Spearkers: Alexander Schindler, Thomas Lidy, Sebastian Böck
Abstract: Deep Learning has become state of the art in visual computing and continuously emerges into the Music Information Retrieval (MIR) and audio retrieval domain. To bring attention to this topic we provide an introductory tutorial on deep learning for MIR. Besides a general introduction to neural networks, the tutorial covers a wide range of MIR relevant deep learning approaches. Convolutional Neural Networks are currently a de-facto standard for deep learning based audio retrieval. Recurrent Neural Networks have proven to be effective in onset detection tasks such as beat or audio-event detection. Siamese Networks have shown to be effective in learning audio representations and distance functions specific for music similarity retrieval.
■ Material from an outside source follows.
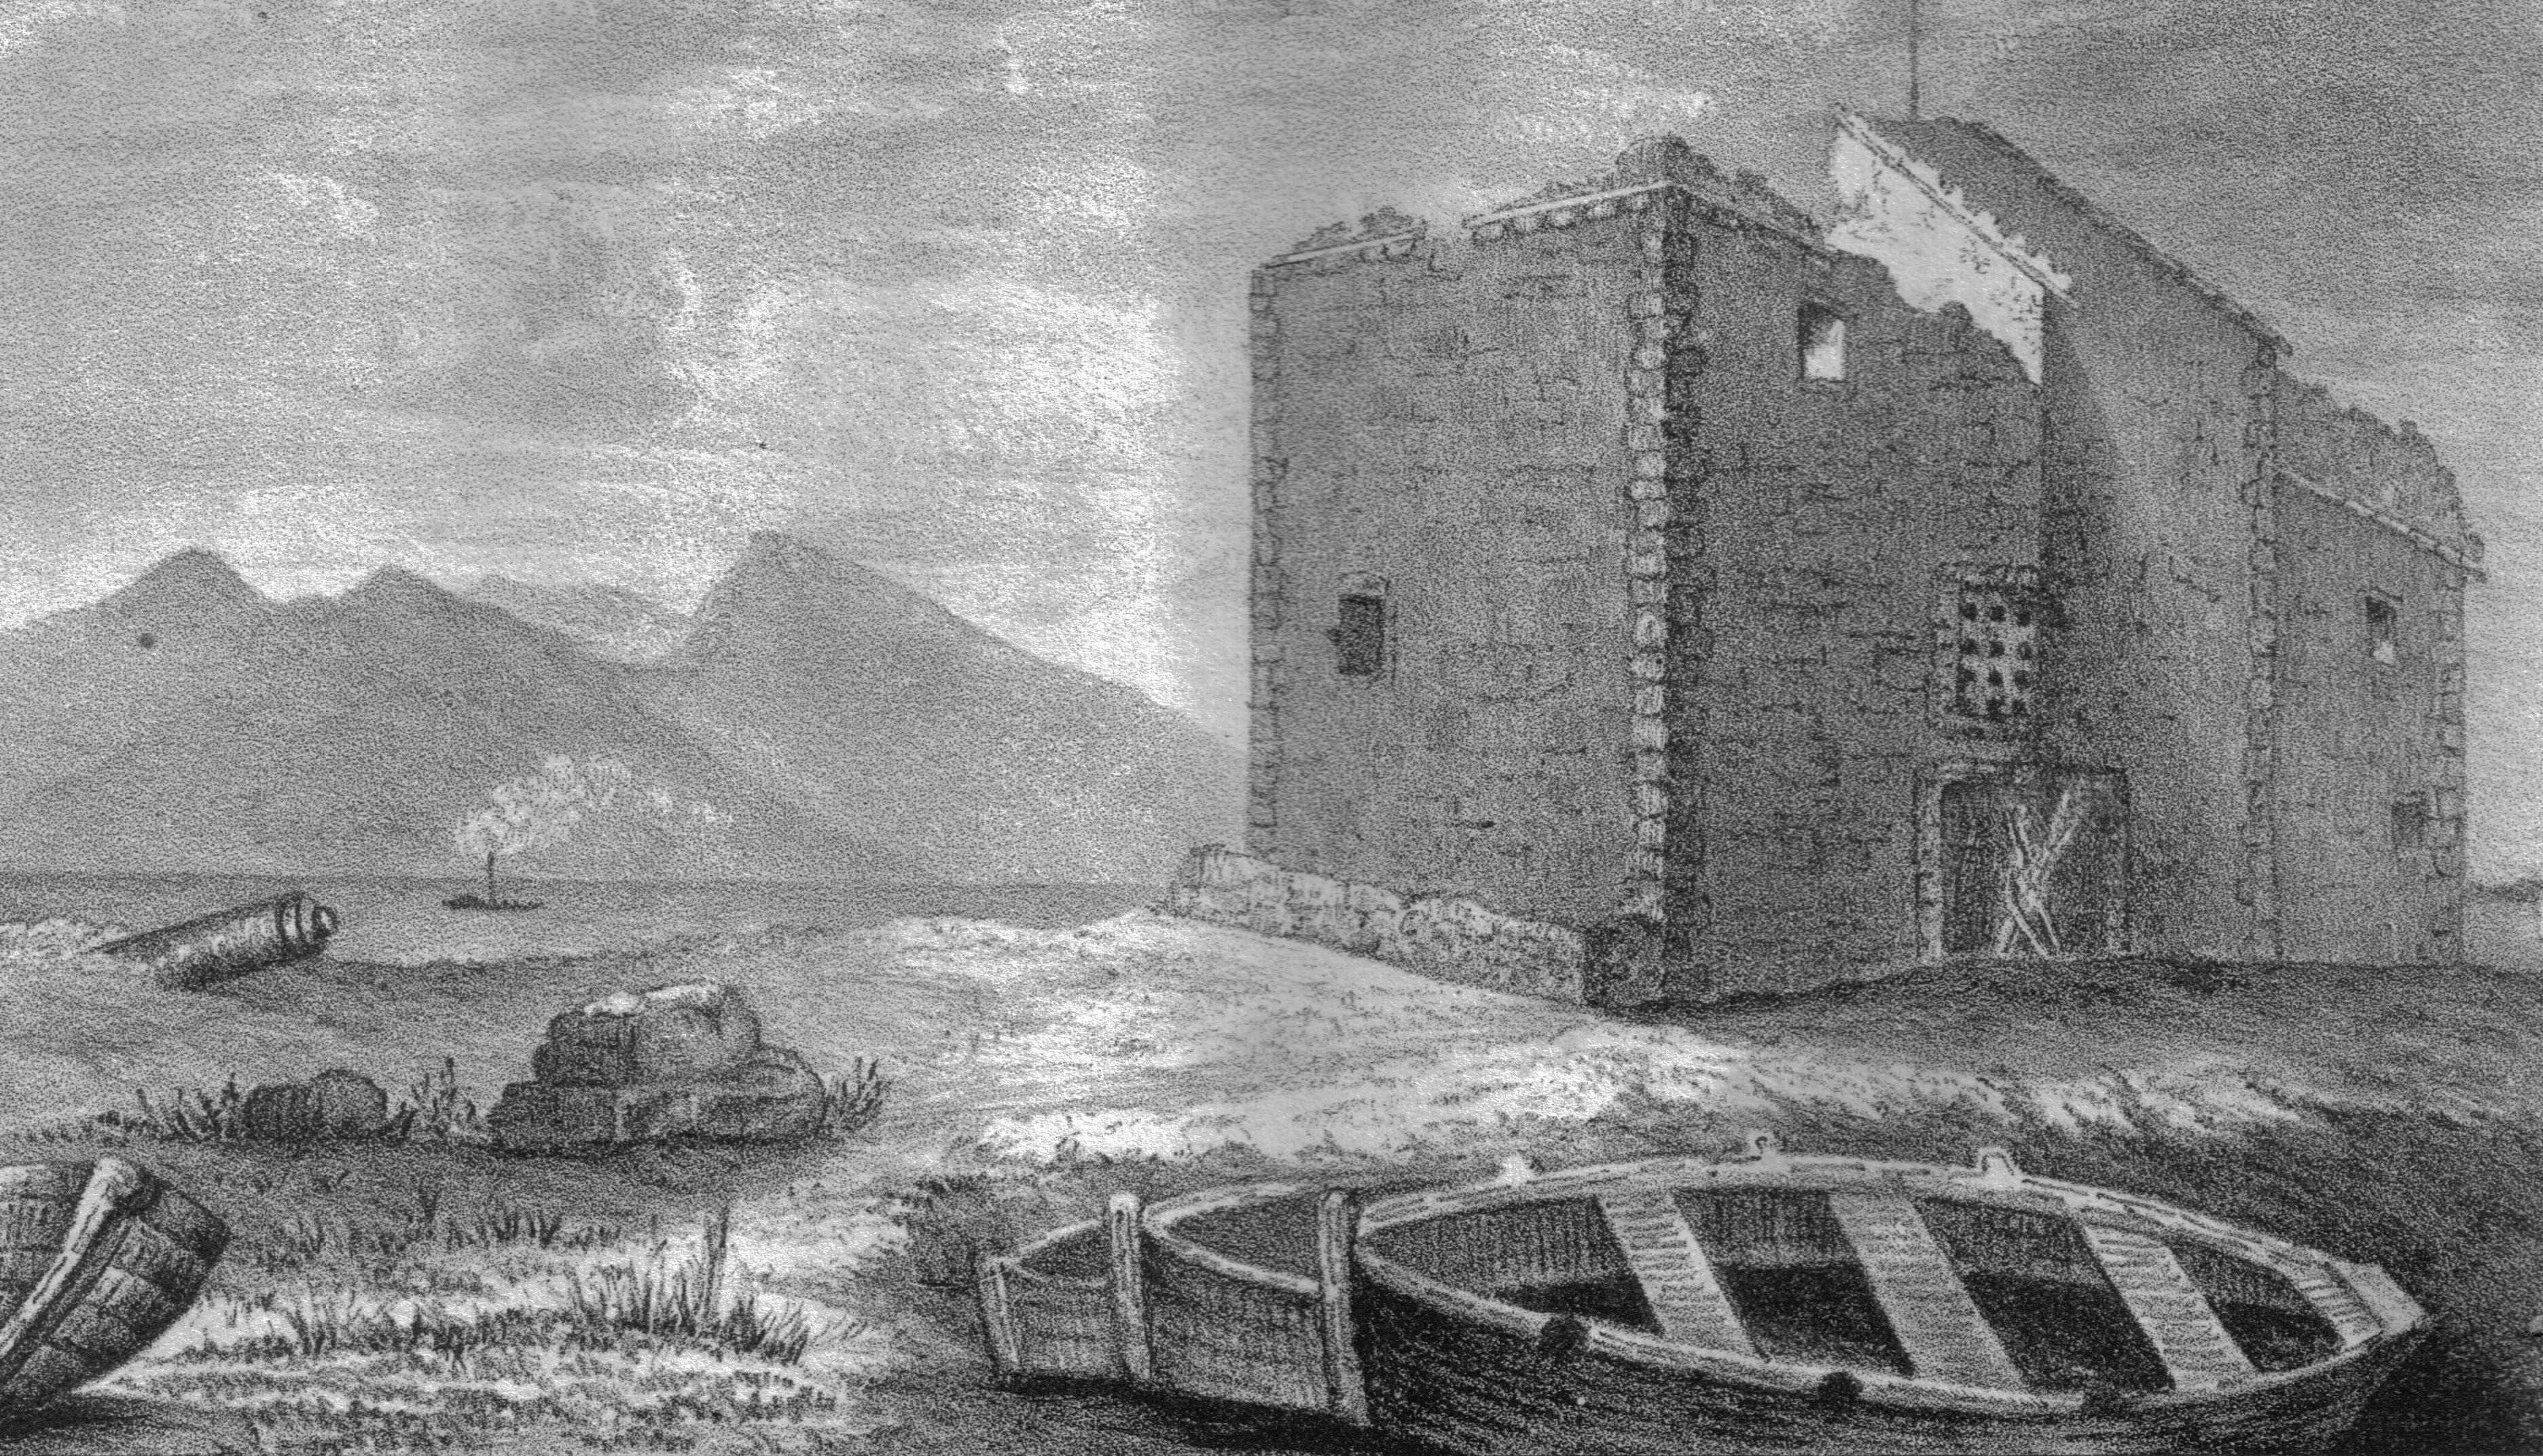 fileportencross castle clyde 1840sjpg wikipedia

We introduce these different neural network layer types and architectures on the basis of standard MIR tasks such as music classification, similarity estimation and onset detection. We will incorporate both academic and industrial points of view into the tutorial. The tutorial will be accompanied by a Github repository for the presented content as well as references to state of the art work and literature for further reading. This repository will remain public after the conference.
Materials for the tutorial: Link
Alexander Schindler is member of the Music Information Retrieval group at the Technical University since 2010 where he actively participates in research, various international projects and currently finishes his Ph.D on audio-visual analysis of music videos. He participates in teaching MIR, machine learning and DataScience. Alexander is currently employed as scientist at the AIT Austrian Institute of Technology where he is responsible for establishing a deep learning group. In various projects he focusses on deep-learning based audio-classification, audio event-detection and audio-similiarity retrieval tasks. | |
Thomas Lidy has been a researcher in music information retrieval in combination with machine learning at TU Wien since 2004. Since 2015, he has been focusing on how Deep Learning can further improve music & audio analysis, winning 3 international benchmarking contests. He is currently the Head of Machine Learning at Musimap, a company that uses Deep Learning to analyze styles, moods and emotions in the global music catalog, in order to create emotion-aware search & recommender engines that empower music supervisors to find the music for their needs and music streaming platforms to deliver the perfect playlists according to people's mood. | |
Sebastian Böck received his diploma degree in electrical engineering from the Technical University in Munich in 2010 and his PhD in computer science from the Johannes Kepler University Linz. He continued his research at the Austrian Research Institute for Artificial Intelligence (OFAI) and recently also joined the MIR team at the Technical University of Vienna. His main research topic is the analysis of time event series in music signals, with a strong focus on artificial neural networks. |